É como quando nos perguntam se alguém é gira ou giro e nós respondemos que é muito simpática ou simpático. Está-se mesmo a ver que a criatura em causa é pelo menos tão horripilante como a Lili Caneças ou o Joe Berardo (que, diga-se em seu abono, não se pode dizer que sejam especialmente agradáveis). “Agradável” é isso. É o que se diz de alguma coisa quando todos os outros predicados falham.

Vou dar um exemplo. Quem, no seu inteiro juízo, se lembraria de apodar o Gandhi, o Churchill, o Martin Luther King, ou mesmo (num estilo acentuadamente mais curvilíneo) a Sofia Loren, enfim, qualquer personalidade com um mínimo de personalidade, de “agradável”? Nem mesmo Jesus Cristo procurou ser sempre um tipo agradável (veja‑se o que aconteceu com os vendilhões do templo…). A verdade é que as pessoas agradáveis não têm história. São como as famílias felizes do Tolstoi, parecem‑se todas demasiado umas com as outras.

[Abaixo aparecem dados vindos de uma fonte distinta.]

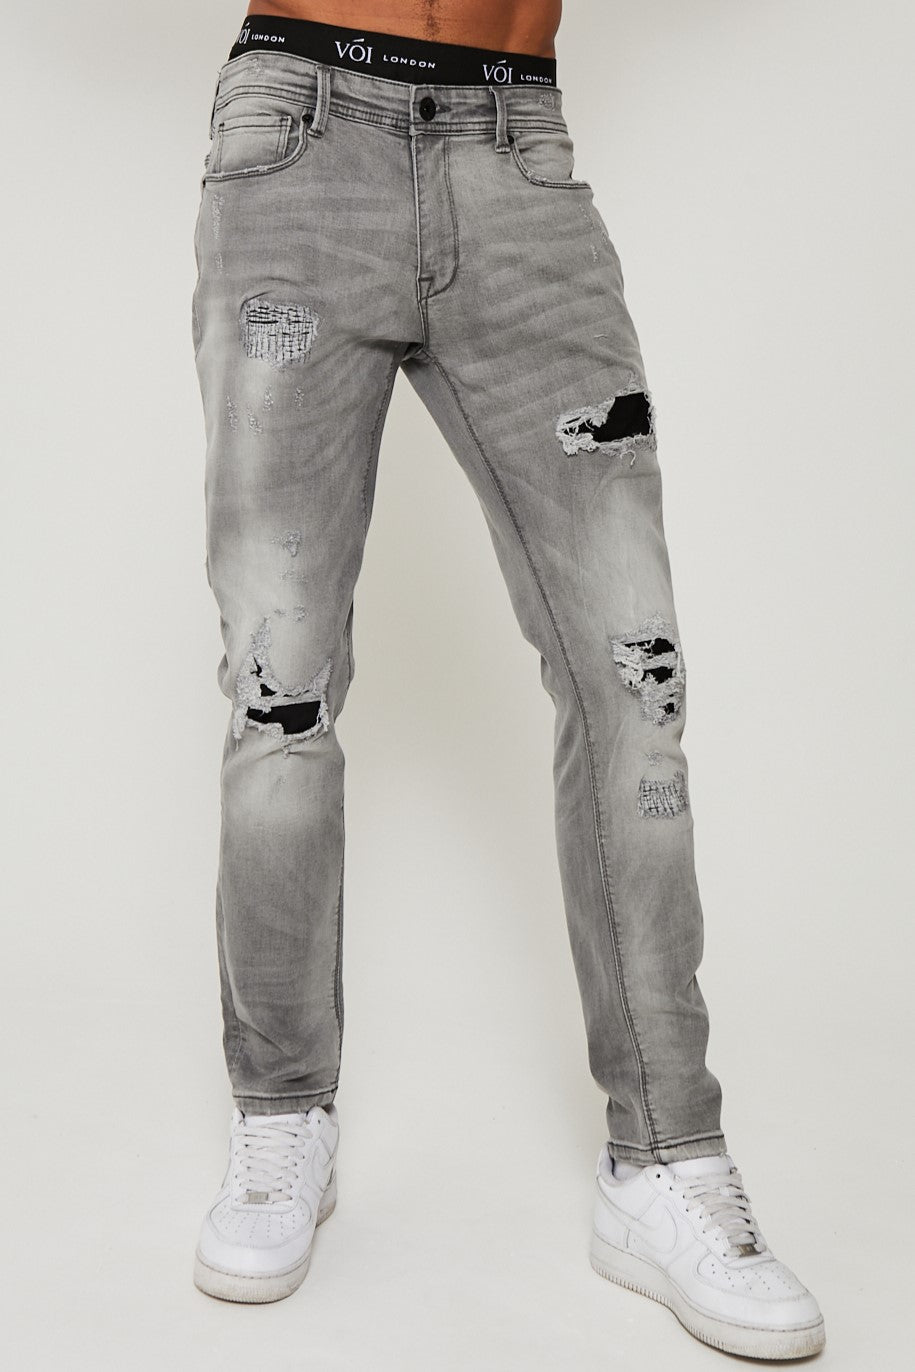 Holborn Jeans - Grey

Tentem agora pensar em qualquer coisa que valha mesmo a pena. Não precisa de ser algo que tenha mudado o mundo (mesmo que seja só o vosso), basta ser alguma coisa que vos tenha ficado na memória. É um bom teste. Porque pelo menos a maior parte (e já é uma parte enorme) do que é “agradável” costuma ser também ao mesmo tempo amplamente esquecível. E há uma razão forte para o nosso cérebro não considerar relevante recordar pessoas ou eventos agradáveis. É que costumam ser também incrivelmente chatos. Qualquer pessoa com alguma prática, quando ouve a palavra “agradável”, saca logo de um bocejo. E muda de conversa (ou de interlocutor).

“Agradável” rima com “abominável”, com “intragável” e com “detestável”. Infelizmente, desde há uns tempos chegou esta moda do agradável. E tem sido uma autêntica praga, um bocado como os almoços ao balcão para os empregados bancários. E, se virmos bem, até não combina mal com os queques e os croquetes que se engolem à pressa nesses sítios. Mas reparem como seria impensável (outra rima indesejável) qualificar uma grande paixão ou uma grande vitória ─ ou tudo o que seja minimamente importante ─ como “agradável”.

Em suma, caro leitor, por via das dúvidas, o melhor é ousar ter uma vida extraordinária (ou até uma vida extra ordinária, se for caso disso), tudo, menos ficar-se por uma existência agradável.